A singular nuclear Japanese family - father, mother, son, daughter - spend a movie committing incest, physical parental abuse, necrophilia, murder and dismemberment, and various other weird and wicked deeds. A mysterious, rock-wielding, scruffy young man joins the family and, eventually, changes occur.
Words like `aberrant' and `taboo-bashing' are used inadequately to describe Takashi Miike's VISITOR Q. It's an ink-black dark comedy, one that lingers over and delights in shocking scenes that more polite sleazy movies only hint at.
For instance, VISITOR Q opens with an off-camera woman asking "Did you ever do it with your dad?" A question immediately followed by Daughter and Dad haggling over price and service. A disturbing conversation which continues through disrobement to consummation. It's a potentially unendurable scene that ends with Daughter taunting Dad by calling him "early bird." Dad's eventual remorse seems almost an afterthought. This isn't nearly the worst scene in the movie, either. I won't give it away, but that graphic and extended sequence begins with Dad saying "I don't care if you are a corpse...."
Strong stuff, but the movie holds its curiously upbeat characters at enough of a distance and blurs the difference between victim and victimizer often enough to make it safely surreal.
I liked VISITOR Q without really understanding what it meant or where it took us. For instance, the scruffy young man seemed to be a pivotal character but I don't know why he went around hitting people over the head with rocks. Maybe he was knocking sense into them. Maybe, as another character suggested, he was there to destroy the family. The final sequence is bizarre, a bit shocking, and indecipherable, as well.
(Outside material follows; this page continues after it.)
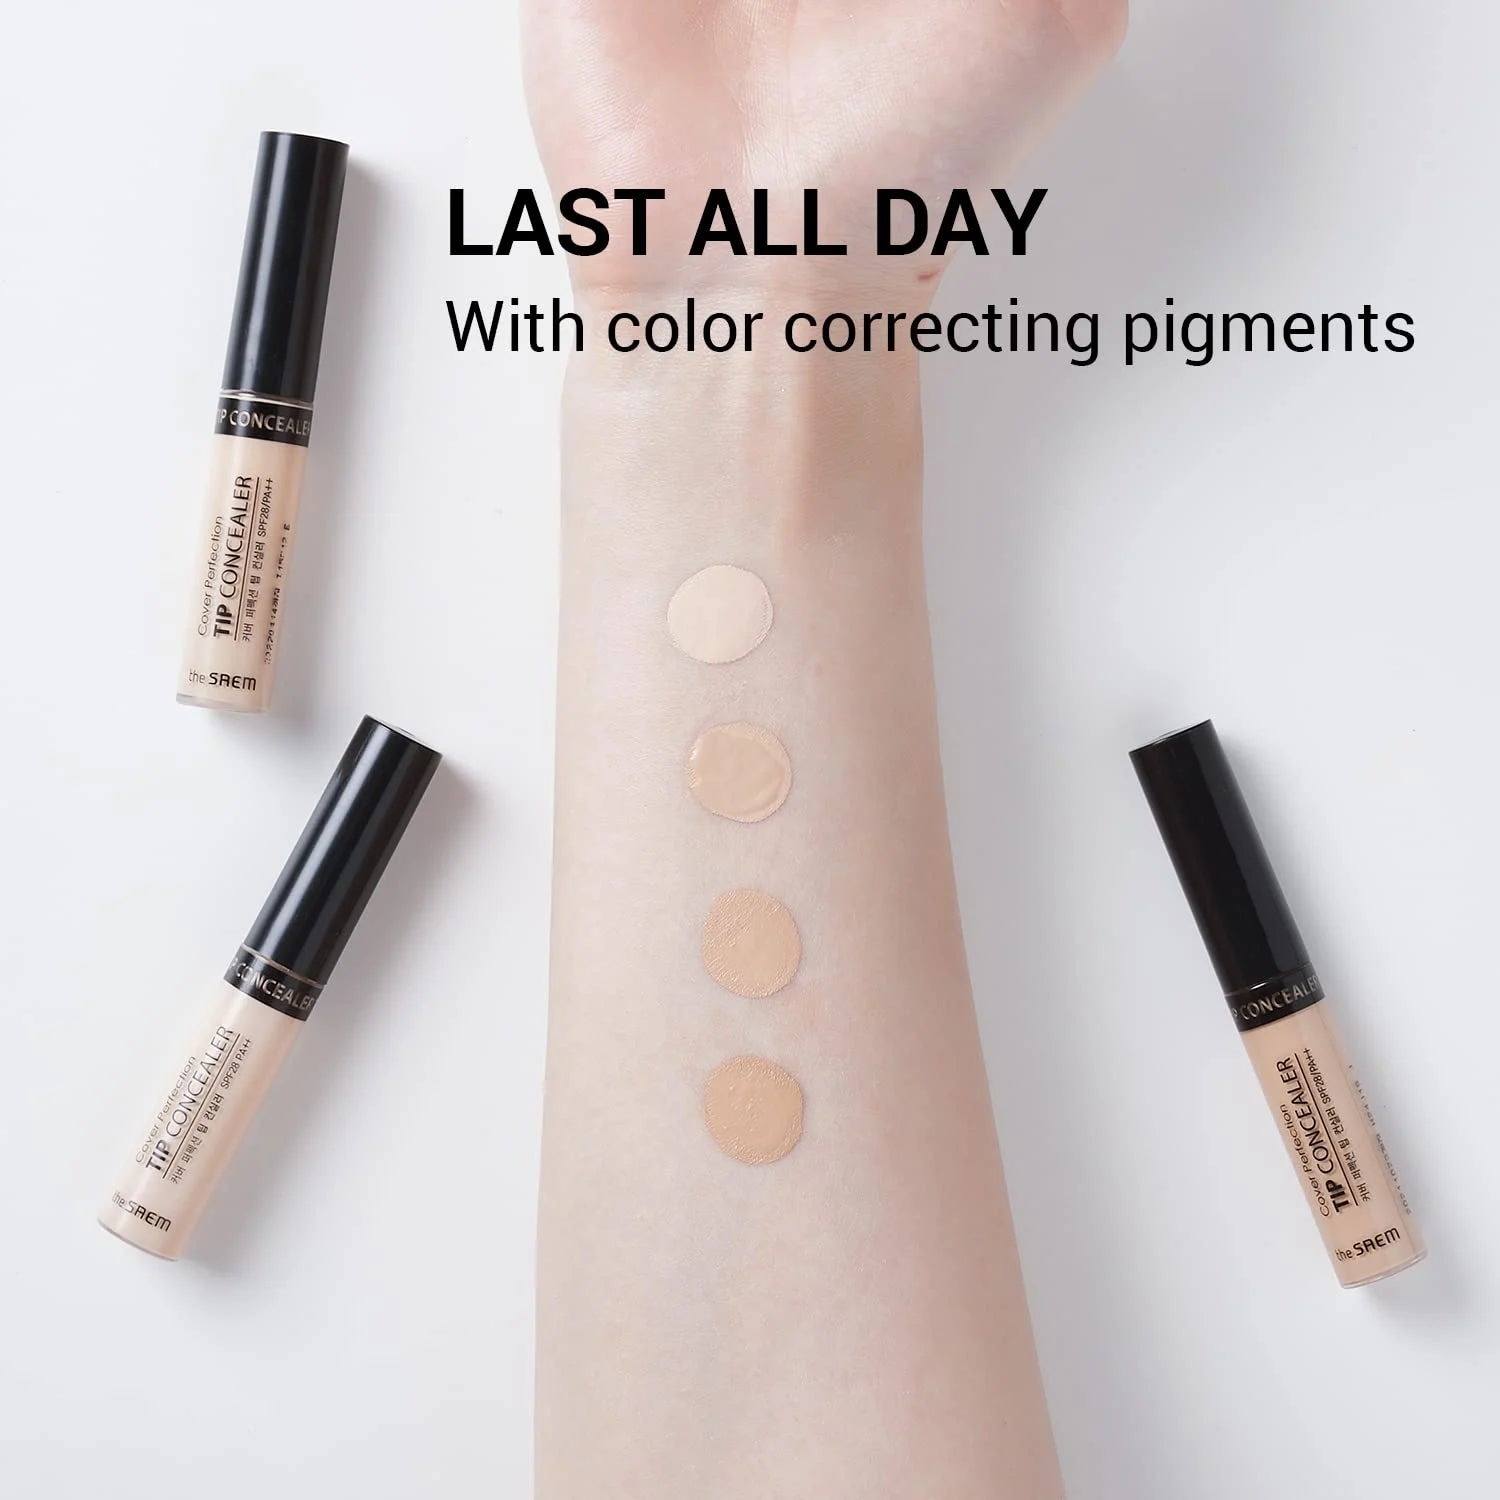 The Saem - Cover Perfection Tip Concealer

At least it seemed optimistic.


Movie Review: bizarre metaphor for family life
Summary: 4 Stars

wow. this movie really got to me. the first scene in the film establishes the depths of immoral and distastefulness that follows. opening with an intense scene where a man makes love to a young prostitute, then finding out who the prostitute is really strikes a nerve in you. the plot follows with almost no sense and no taste but presented with great acting and great direction. it's basically revolves around a family that each member has their own sick and twisted problems. normally in any other hollywood/american film you'd encounter only one of these problems [or some problems not at all] but all wrapped up together brings it together to produce a very interesting family. a visitor [i'm assuming 'visitor q'] enters into the situation. although i felt his actions weren't as impactful and uplifting as it should've been he still brought the whole family together in a well... less than wholesome way. with his violent and bizarre and intimate solutions, he teaches the lesson that "families should stick together under any circumstance". and trust me, some circumstances are incredibly messed up. this movie is one of those movies where you'll find yourself saying after many scenes "wow, i didn't think i'd ever see something like that in a movie" but then you'll be found laughing over it. it is disturbing, but really if you're like me and you watch a lot of these over-the-top movies it'll still shock you but not in a 'irreversible-rape-scene' kind of way.

great flick, way more enjoyable and stimulating than 'happiness of the kitakuris'. takashi miike is awesome.